Eccoci quindi a briciole di trama de Lo stampatore di Venezia. Che vede nel 1530 un giovane recarsi in una villa nella campagna modenese per incontrare la vedova di Aldo Manuzio e mostrarle la biografia che ha scritto su di lui. Non sapendo che la storia vera è molto diversa dai toni epici del suo racconto. 
Da quando era approdato a Venezia nel 1489 con il proposito di realizzare raffinati volumi dei tesori della letteratura ellenica a partire da Epicuro e Lucrezio (non a caso il greco era la lingua utilizzata nelle istruzioni ai suoi tipografi e legatori, tanto è vero che vennero utilizzati, di greci, almeno una trentina fra correttori di bozze, ricercatori e calligrafi), Manuzio “aveva infatti dovuto affrontare difficoltà impensabili, come il furto di manoscritti, le imposizioni commerciali del cinico Andrea Torresani - padre di sua moglie Maria, a sua volta raffinata intellettuale, nonché proprietario della stamperia che era stata fondata da Nicolas - e la censura dei potenti. E poi le edizioni con testo originale a fronte, il corsivo, il libro tascabile: innovazioni per le quali Manuzio sarebbe stato ricordato per sempre. Anche se erano frutto di compromessi, trucchi, debiti. E lui per realizzarle si era dovuto difendere da chissà quanti attacchi trasversali e boicottaggi”. 

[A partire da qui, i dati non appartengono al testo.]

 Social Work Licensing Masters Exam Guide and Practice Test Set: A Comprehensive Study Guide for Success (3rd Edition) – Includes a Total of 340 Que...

Di fatto Lo stampatore di Venezia racconta gli aspetti più passionali e intimi di quest’uomo, in abbinata alla sua devozione per la cultura classica e il suo cerebrale epicureismo. Peraltro addentrandosi negli “esordi dell’editoria all’epoca dei Medici, di Savonarola, Tiziano, Pico della Mirandola, Erasmo da Rotterdam: un momento storico di crisi quanto di cambiamento”. Fermi restando, ci mancherebbe, alcuni interrogativi: sino a che punto Manuzio era riuscito a realizzare il suo progetto editoriale? E qual era il modo di vivere in quella famosa stamperia dove commercio e cultura si scontravano di continuo? 

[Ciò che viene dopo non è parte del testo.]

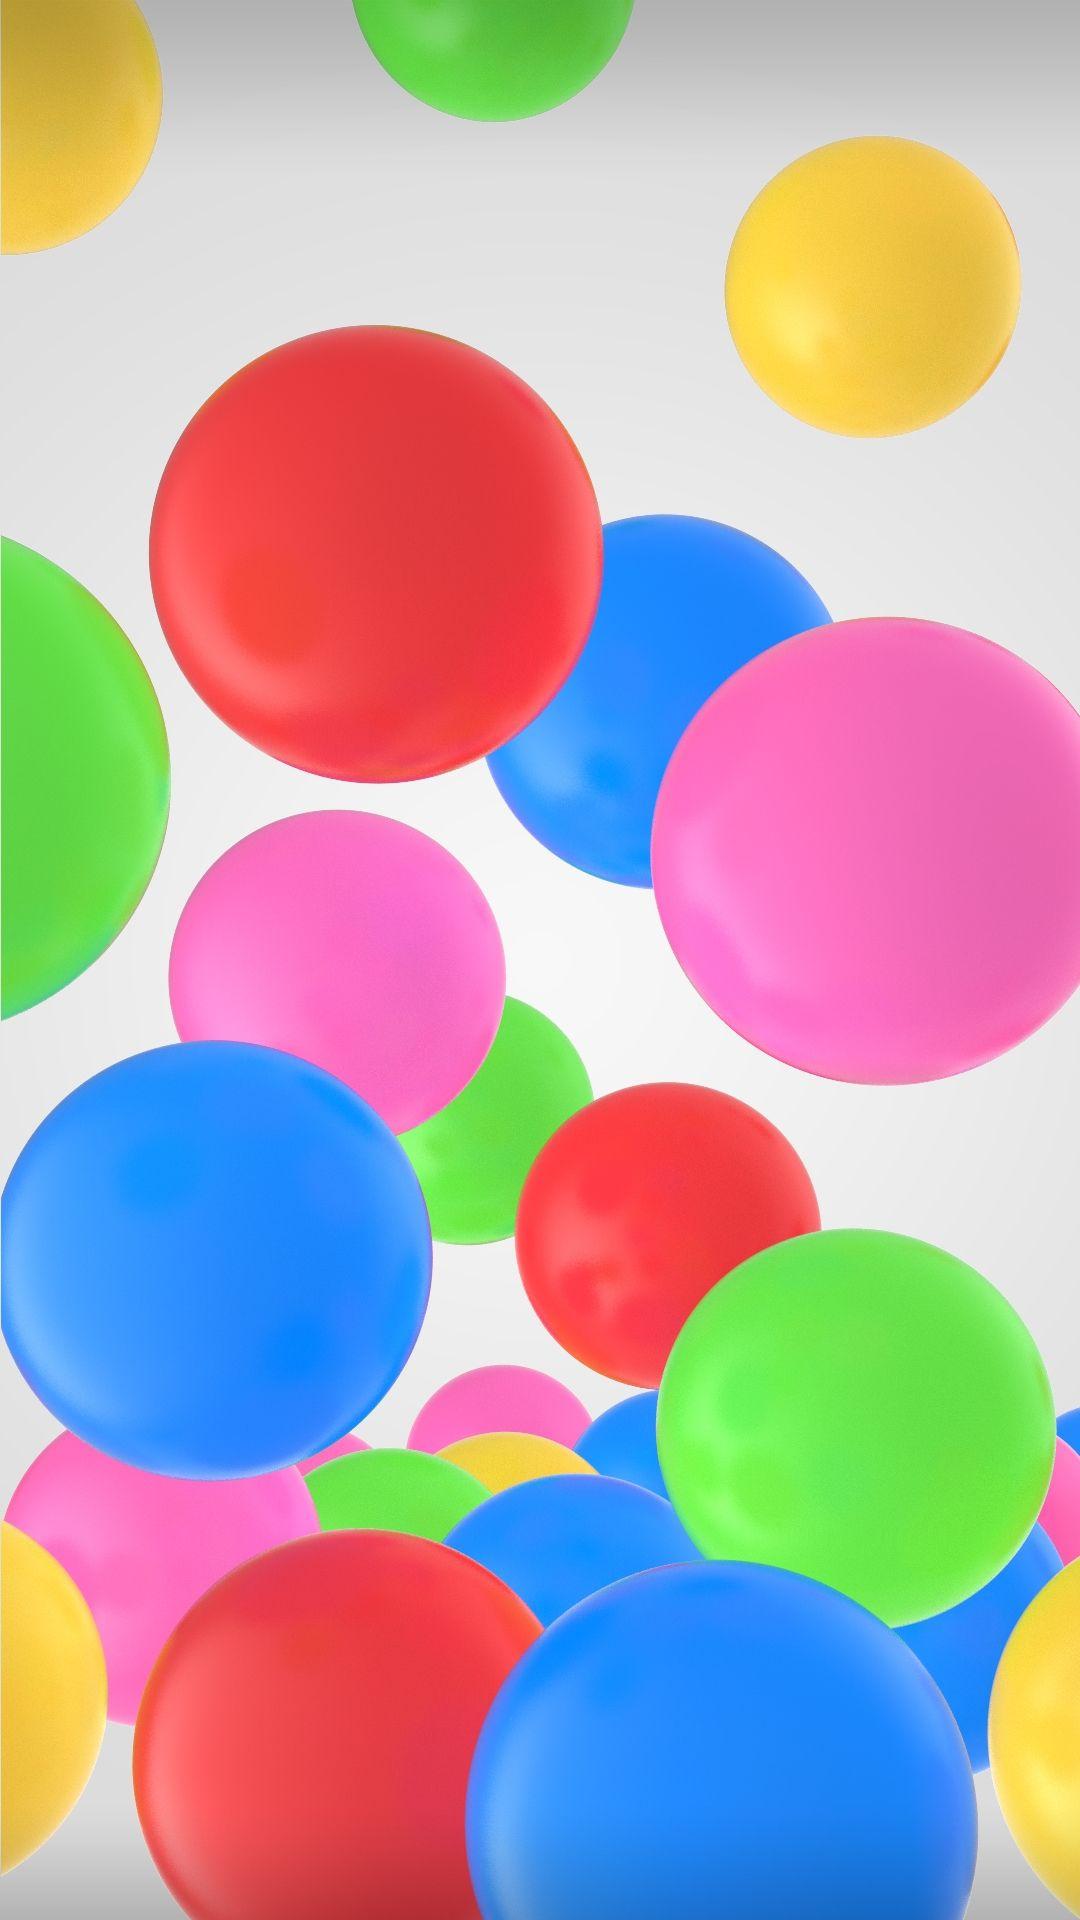 Samsung Galaxy A8 Wallpaper with Cool Colorful Bubbles. Android

Per la cronaca, Javier Azpeitia è nato a Madrid nel 1962 e ha, fra gli altri, firmato Hipnos, vincitore del Premio Hammett per la Crime Fiction, portato sul grande schermo da David Carreras. Le sue opere sono state tradotte in greco, francese e russo. Variegato anche il suo percorso di vita, che lo visto cantare, insegnare e fare da guida ai bambini presso il museo Prado della capitale spagnola.